After purchasing the property in January of 1986, the Sochaczevski brothers began to demolish the house to make way for a four-storey, $4-million condominium. Heritage activists obtained an injunction to stop that project, arguing proper procedures had not been followed to obtain a demolition permit.
After the injunction was granted, the Sochaczevski brothers sat down with the newly elected administration of then-Mayor Jean Doré and heritage groups. They hammered out a deal that would have allowed the developers to build a slightly higher building — five storeys — if they integrated the façade of the old house into the new building.
But the project stagnated.
“At that point in the ’80s, nothing was being built in Montreal,” Sochaczevski said. “There was no market for it, so we didn’t do anything.”
Ten years later, as Montreal’s economy started to pick up, the developers tried to revive the project, but by then Montreal had updated its zoning bylaws and the project no longer conformed.

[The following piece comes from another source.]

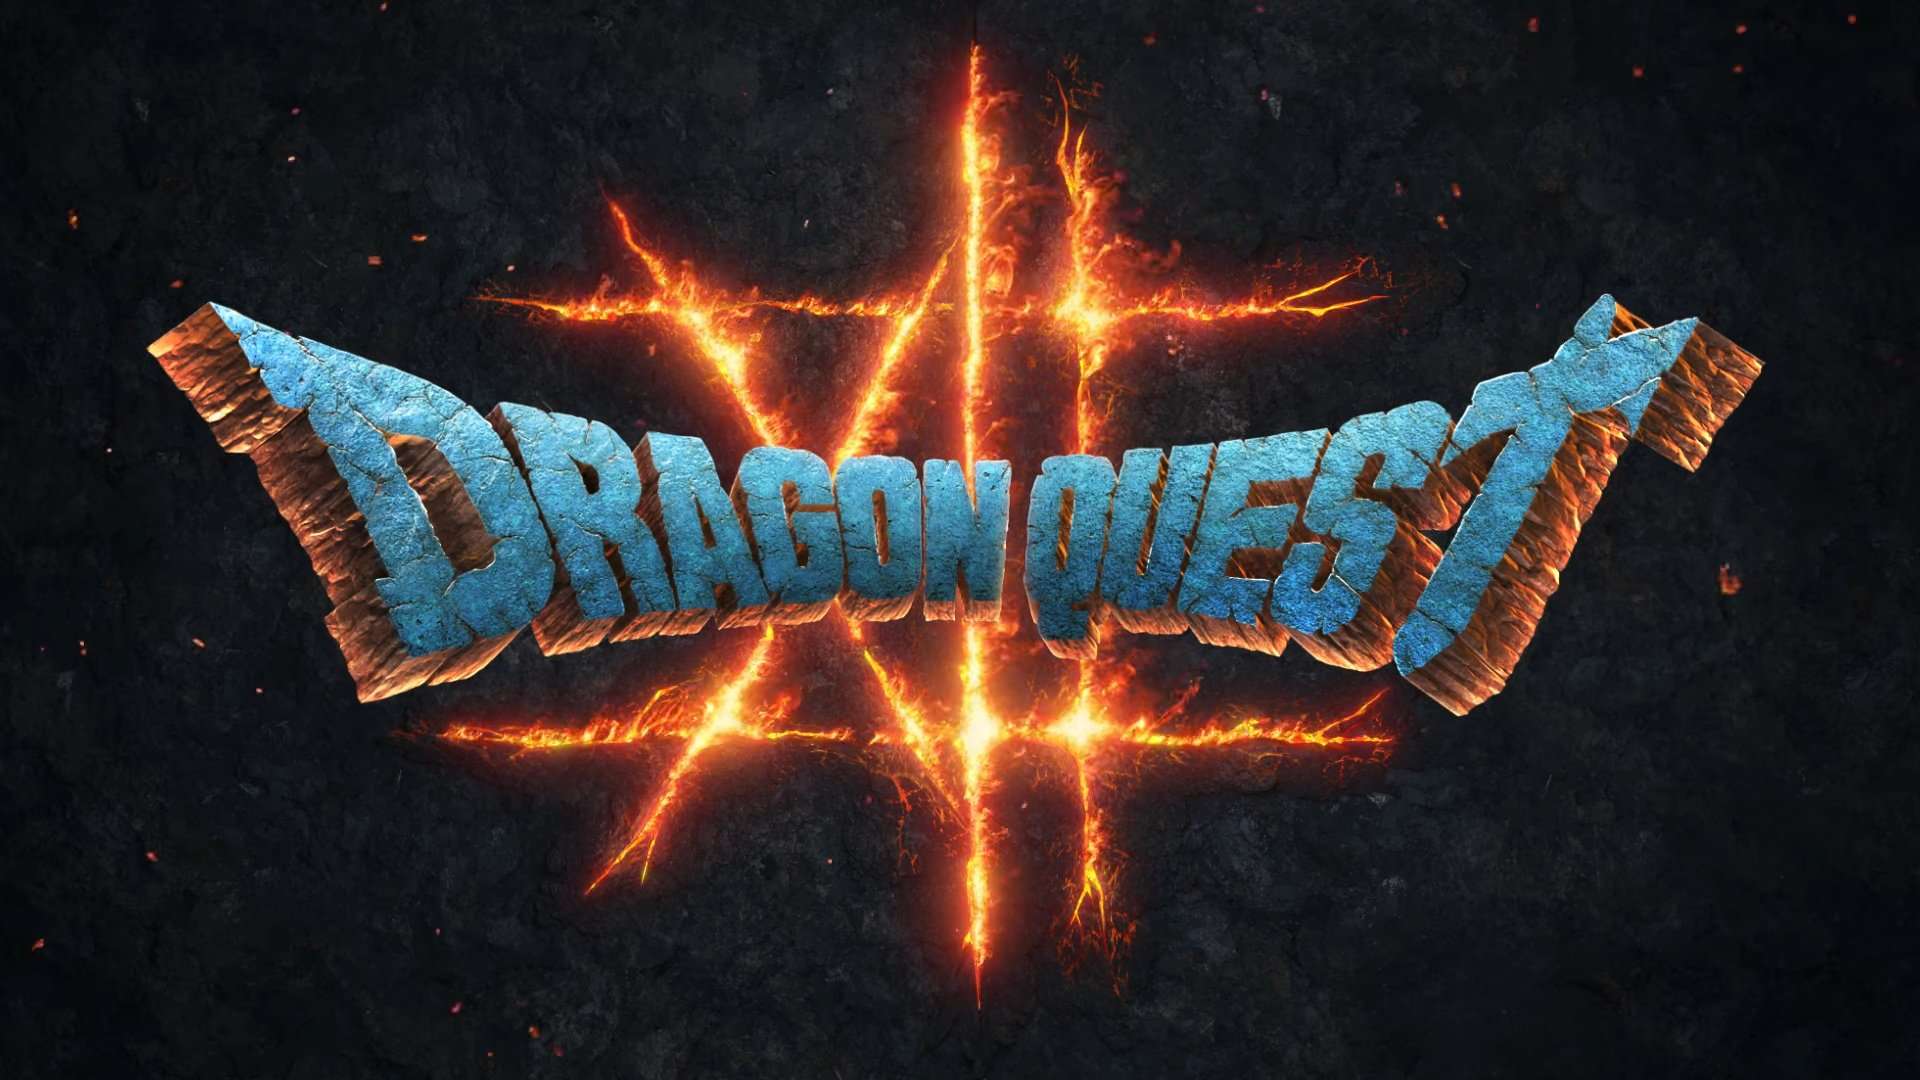 Dragon Quest XII hará uso del Unreal Engine 5 para su desarrollo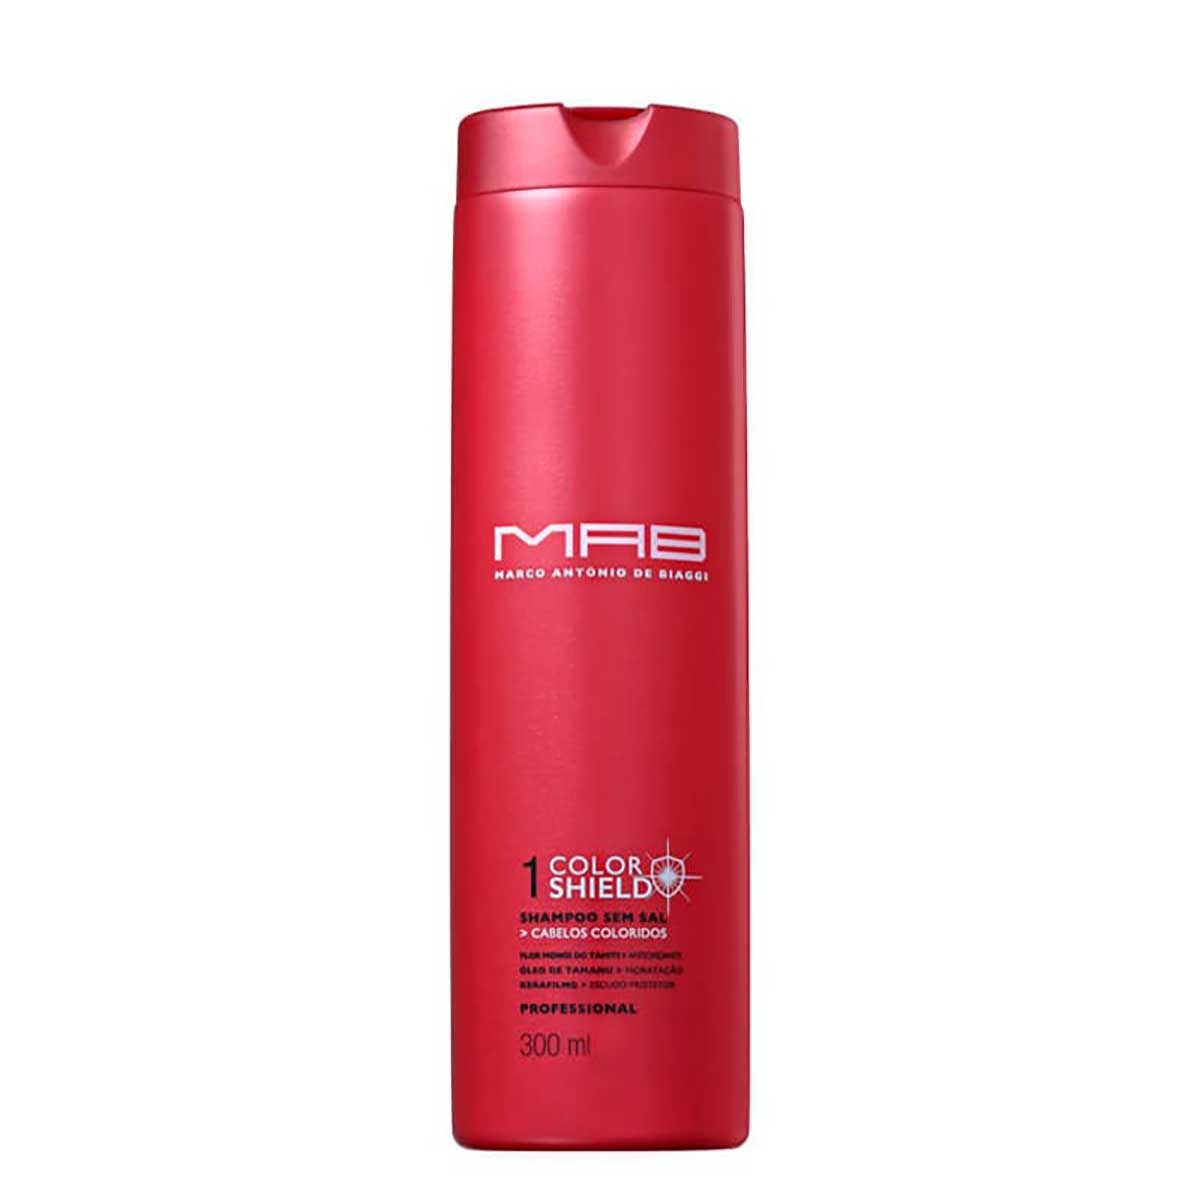 Shampoo MAB Color Shield com 300ml 300ml

“Then about four years ago, Mayor (Gérald) Tremblay met me at a cocktail party and said: ‘Let’s do something with that site; it’s really an eyesore,’ ” Sochaczevski said.
So for two years, the developers worked with the planning department of the Ville-Marie borough, together designing a new project for the site. After lengthy negotiations, they agreed on a seven-storey luxury condominium project with 14 units and 28 underground parking spots.
The project passed two readings at the borough council, but then, another stall.
“Two weeks before it was going to third reading, Tremblay called me up to say, ‘Michael, I’m pulling my support.’”
The mayor apparently said the Museum of Fine Arts was complaining the project was too high and would block the view of the mountain from its annex. Without the mayor’s support, the project floundered once again.
A couple more years passed, and the borough began issuing what Sochaczevski called “nuisance fines, for this and that” and again pressuring him to do something with the site.
Fed up, he went to borough planners and asked what he could build that would not require a zoning change, or a public consultation or “any dealings with city counsellors.”
They told him he could build a four-storey rooming house, so Sochaczevski came back with a design for an upscale student residence, with 29 suites and 89 bedrooms, that will rent at about $1,000 a month per bedroom. He got a permit to demolish and build the residence in December.
Heritage activists still say the borough has cheated Montrealers out of public hearings on the demolition, which would be required if 50 per cent or more of the original house was still intact. Sochaczevski claims 85 per cent of the house was demolished back in 1986 before the injunction was issued. Heritage groups dispute this figure.
In any case, Sochaczevski says the demolition will go ahead as soon as the weather allows, and some students will have a brand new residence just a few blocks from McGill on the site of the old Redpath mansion, come September.